Lastly, the final bag representation is computed using the CAMILAttentionPool, modification of the Gatted Attention Pool mechanism. The bag representation is then fed into a linear classifier to predict the bag label.

__init__(in_shape, nystrom_att_dim=512, pool_att_dim=128, gated_pool=False, n_heads=4, n_landmarks=None, pinv_iterations=6, dropout=0.0, use_mlp=False, feat_ext=torch.nn.Identity(), criterion=torch.nn.BCEWithLogitsLoss())

Parameters:

  • in_shape (tuple) –

    Shape of input data expected by the feature extractor (excluding batch dimension).

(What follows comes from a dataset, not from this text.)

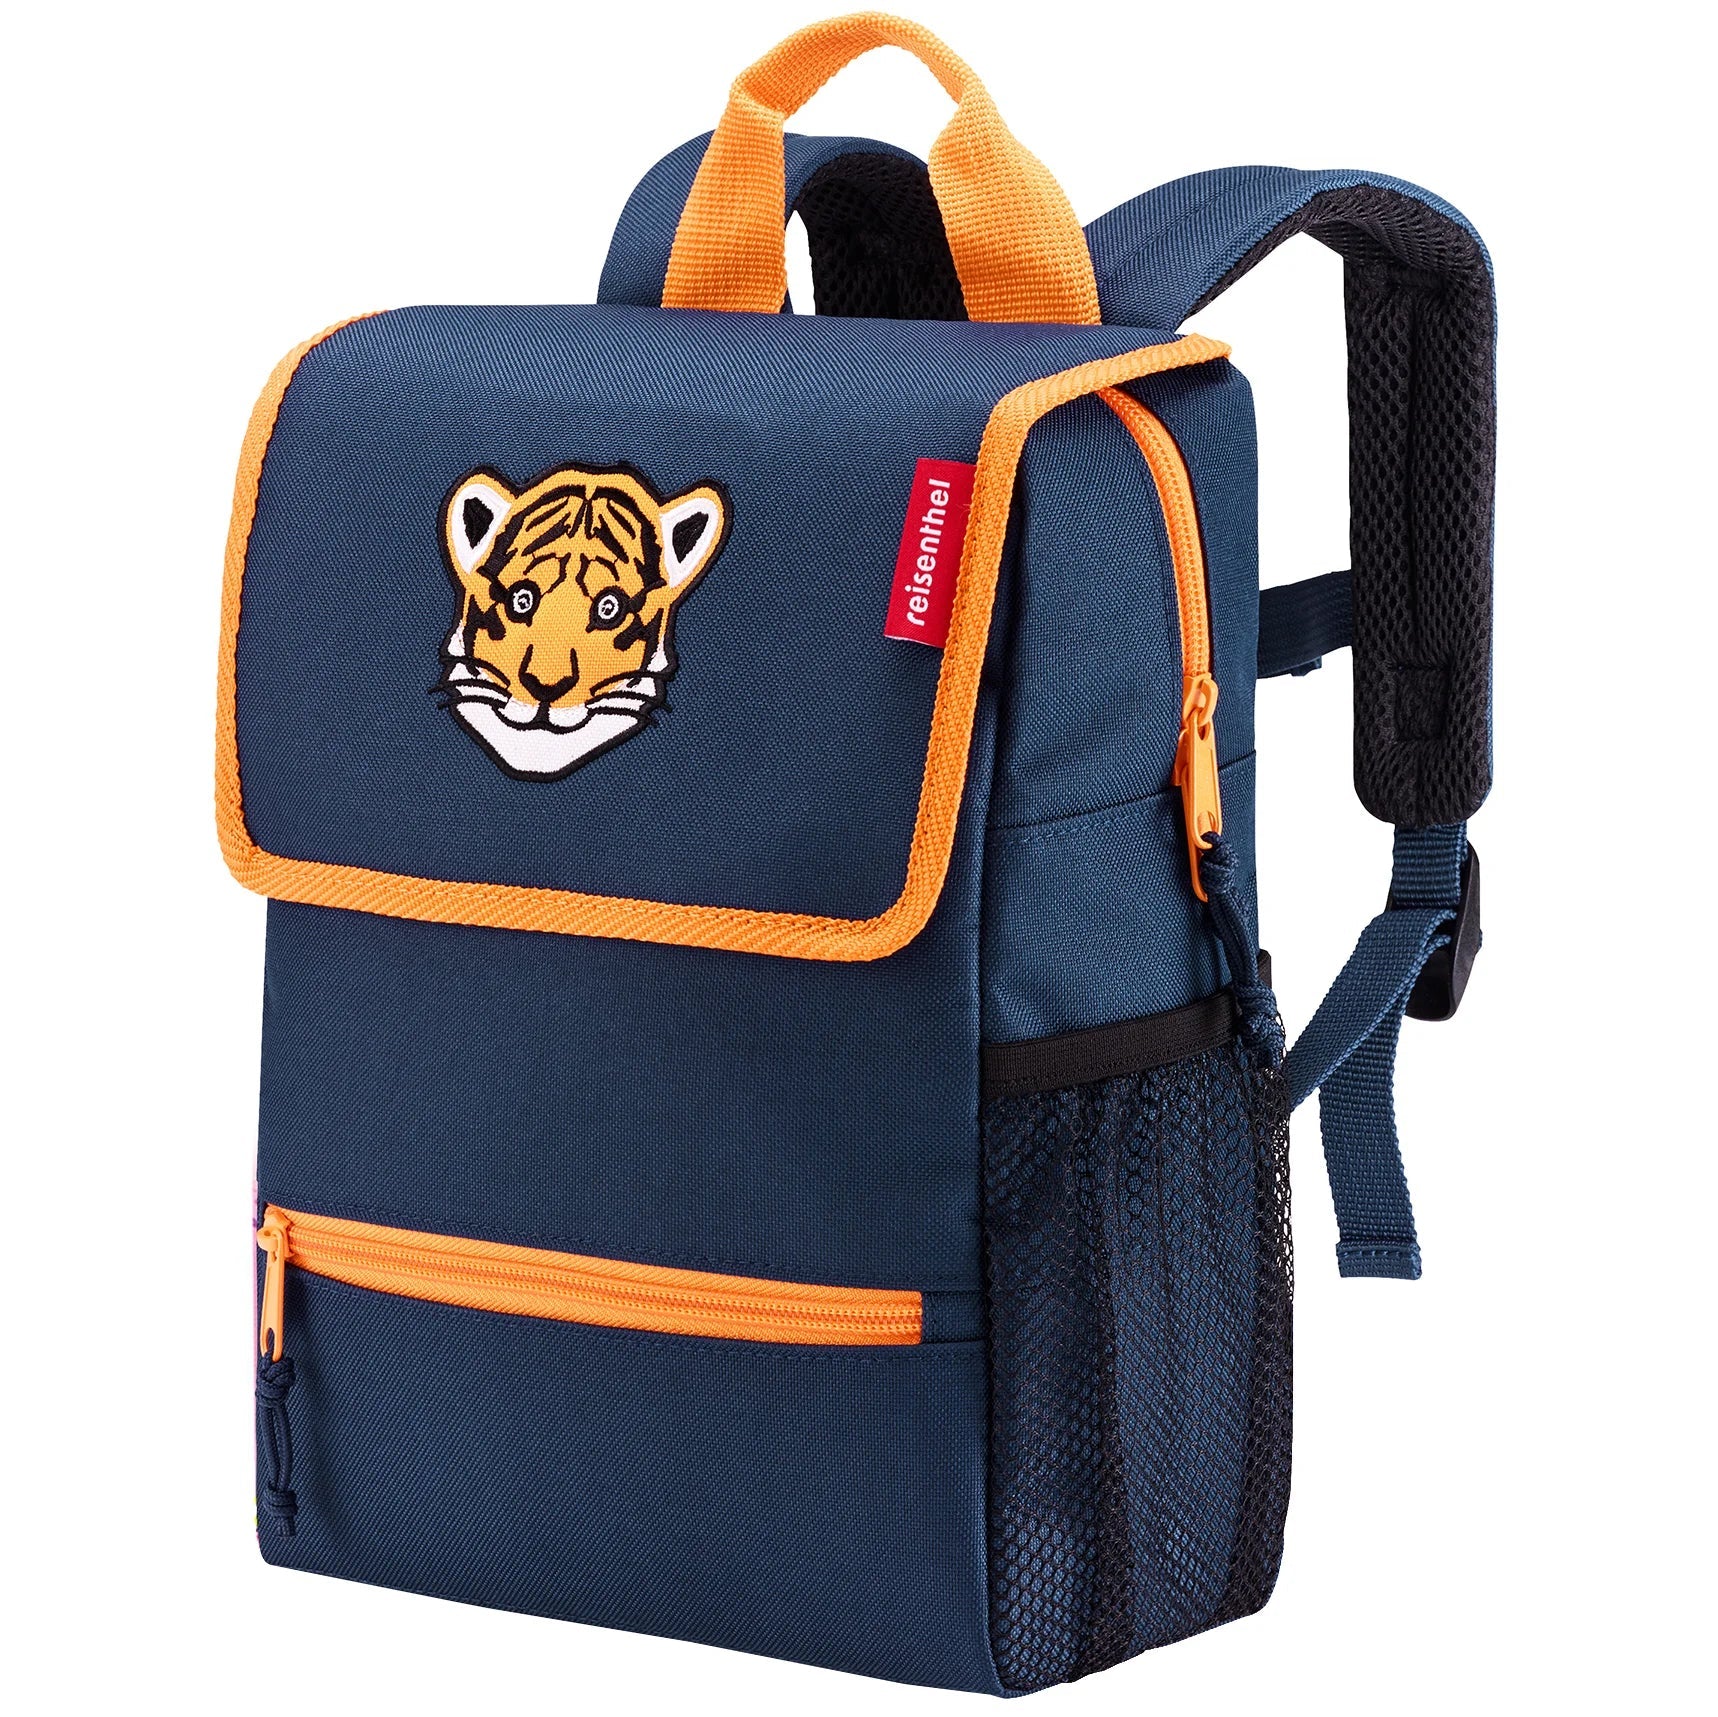 Reisenthel Kids Backpack Backpack 28 cm - tiger navy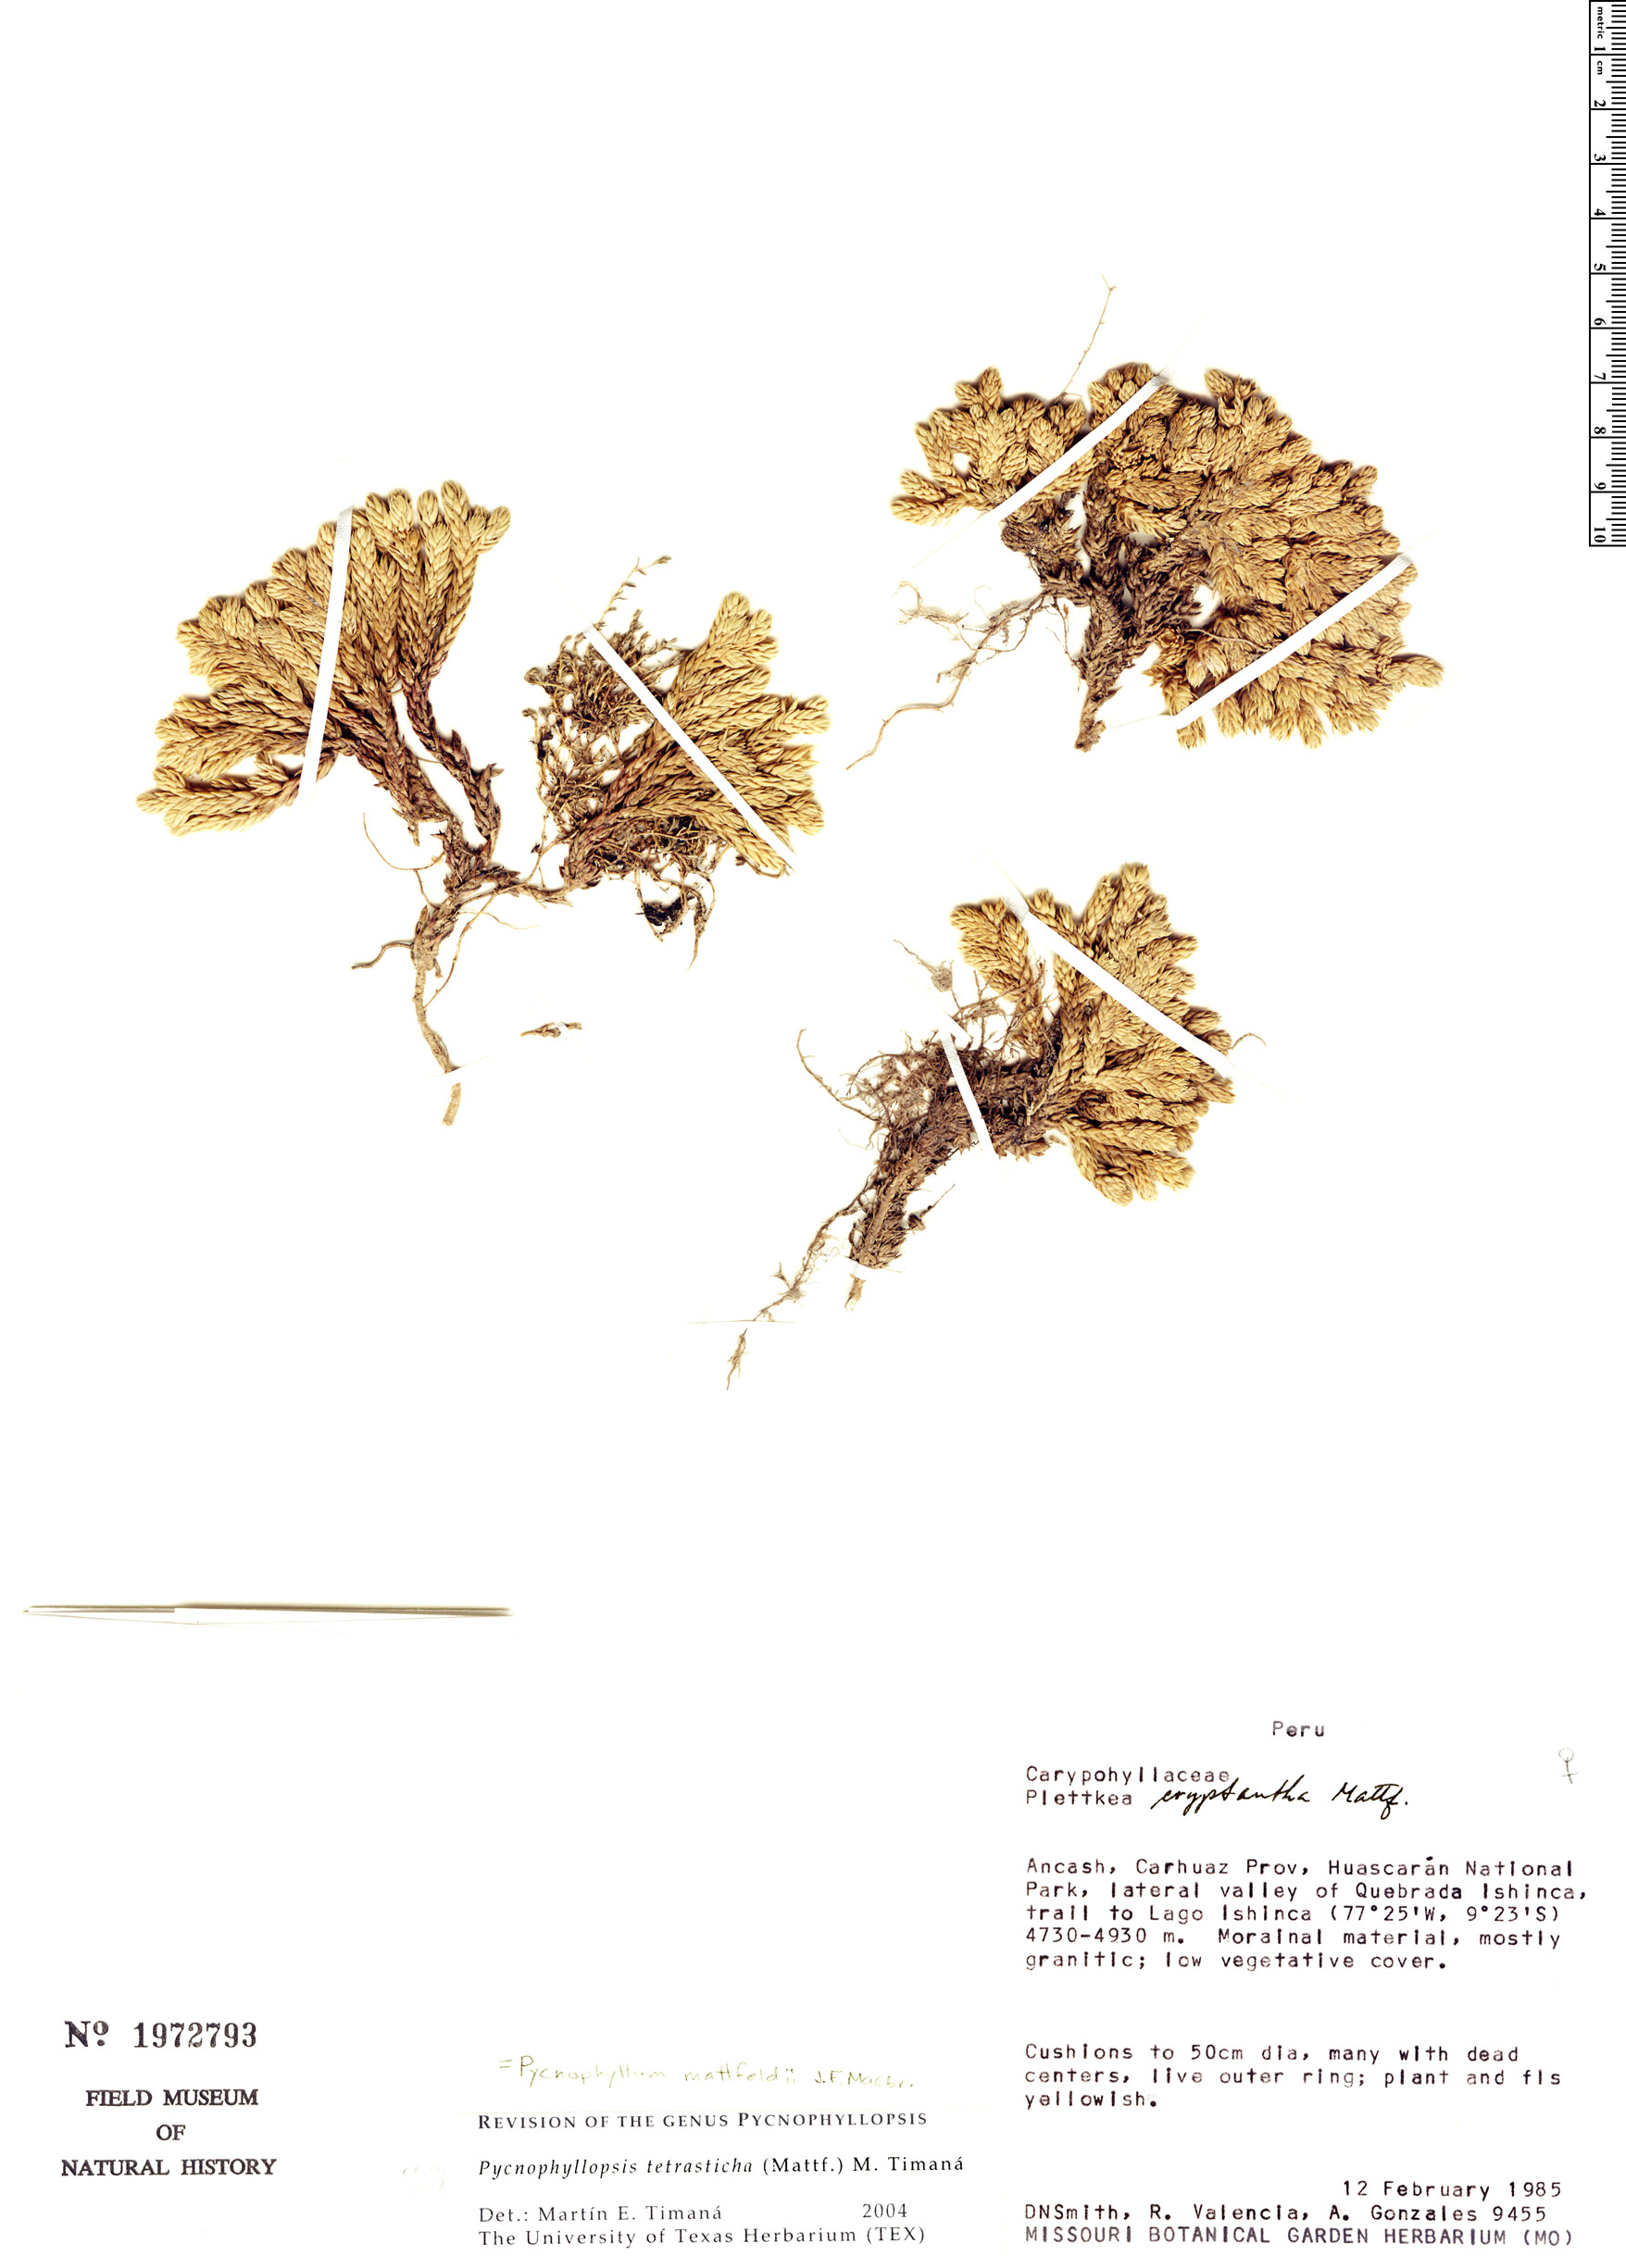 Pycnophyllum image

  • pool_att_dim (int, default: 128 ) –

    Attention dimension for the attention pooling layer.

  • gated_pool (bool, default: False ) –

    If True, use gated attention pooling.

  • nystrom_att_dim (int, default: 512 ) –

    Attention dimension for the Nystrom Transformer layer.

  • n_heads (int, default: 4 ) –

    Number of attention heads in the Nystrom Transformer layer.

  • n_landmarks (int, default: None ) –

    Number of landmarks in the Nystrom Transformer layer.

  • pinv_iterations (int, default: 6 ) –

    Number of iterations for computing the pseudo-inverse in the Nystrom Transformer layer.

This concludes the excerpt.